When it comes to assessment of tax returns, South African taxpayers have the worst of both worlds. They don't have the legislative checks and balances usually found in a self-assessment system and, in practice, are denied important protections inherent in the alternative.
The reason is that South Africa has a de facto self-assessment system for income tax, but that is not what the law provides.
Legally speaking, what Sars staff members are supposed to be doing is carefully examining each tax return, together with supporting documents and financial statements. In practice, Sars does not have enough people to individually review each return; nor are taxpayers allowed to submit supporting documents.
The size of the tax returns for both individuals and companies has shrunk to a few pages, requiring the submission of minimal information. The taxpayers are instructed not to submit supporting documentation, but to retain this in the event of an audit. This is typical of a self-assessment system.
He adds that for the many taxpayers who choose to submit their returns by e-filing, it is impossible to submit supporting documentation anyway.
The dilemma for taxpayers is that without supporting documentation, they cannot properly disclose how and why they have interpreted the tax rules. The taxpayers are legally allowed to interpret the rules as they see fit and cannot be penalized as a result - provided that they make full disclosure about what was done and why.
The crux of the problem is this: How do you protect yourself by making full disclosure if you are prohibited from submitting the supporting documentation, explanations and submissions?
It is not clear what plans the authorities have to remedy the situation but until they do, there is cold comfort for taxpayers. Without the option of submitting documentation with their tax returns, the best route is probably to write Sars a letter after the fact. Then at least you have made your disclosure and explained what you have done and why. Other than that, the taxpayer has very little recourse.

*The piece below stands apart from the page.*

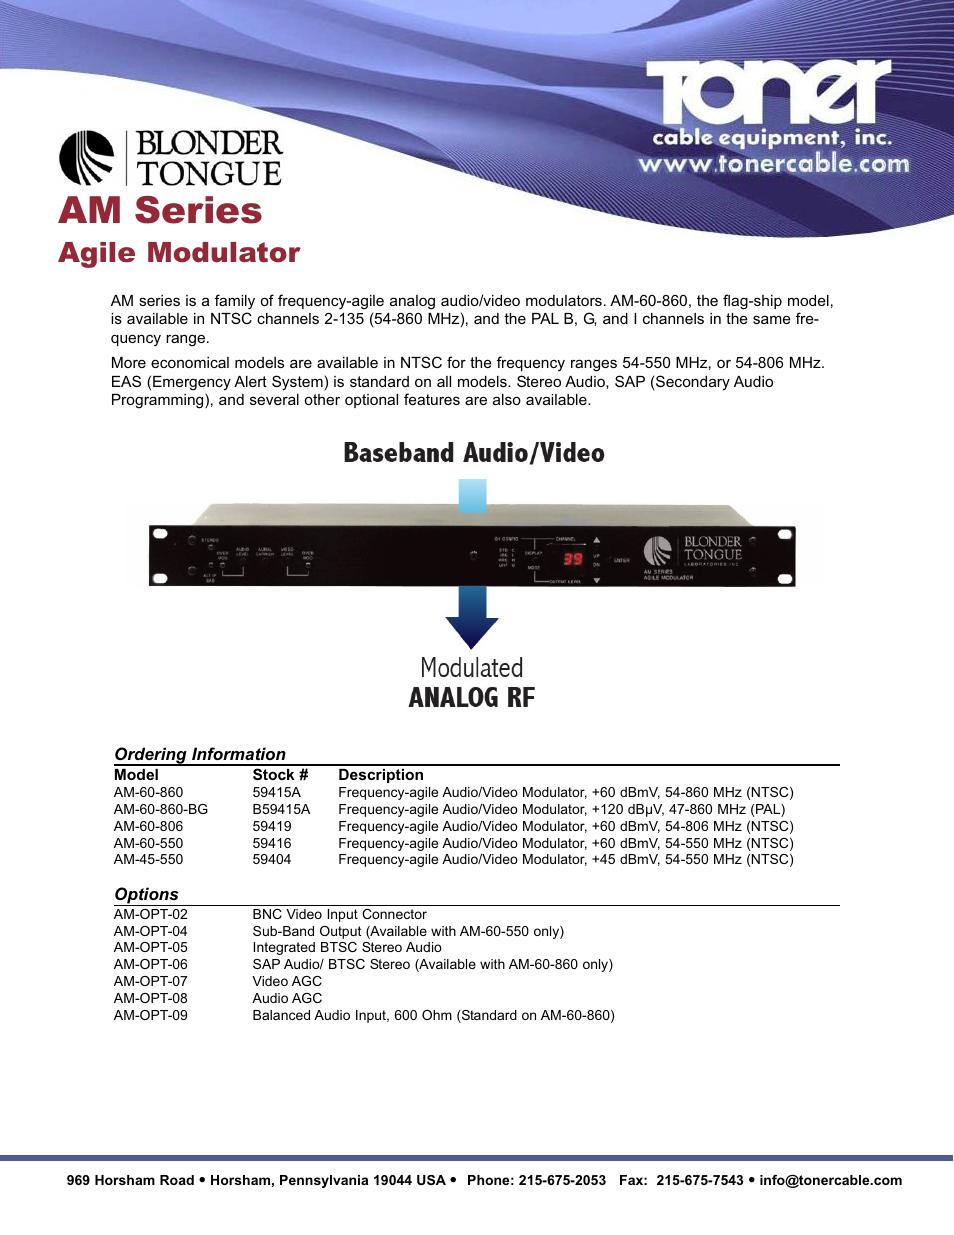 Toner Cable AM Series Agile Modulators User Manual | 2 pages

I am not arguing for a return to the days where every tax return was individually examined and every taxpayer was at liberty to submit reams of documentation.
Of course it is impossible in practice for each and every tax return to be carefully reviewed - the manpower at the Sars simply does not exist for this to happen. Precisely because of the practical impossibility of assessing every return, many countries have adopted a self-assessment system. Such a system is inevitable and there is no real alternative to it because the practicalities of modern business life demand it. But it is to the prejudice of South African taxpayers that the legal framework does not support what happens in practice.
Clearly, the time has come for South Africa to formalise self-assessment by amending the legal framework to comply with the current practice. Until then, one effectively has a de facto self-assessment system without the legal back-up, and one has the legal protections of the alternative system, often without the ability to take advantage of them.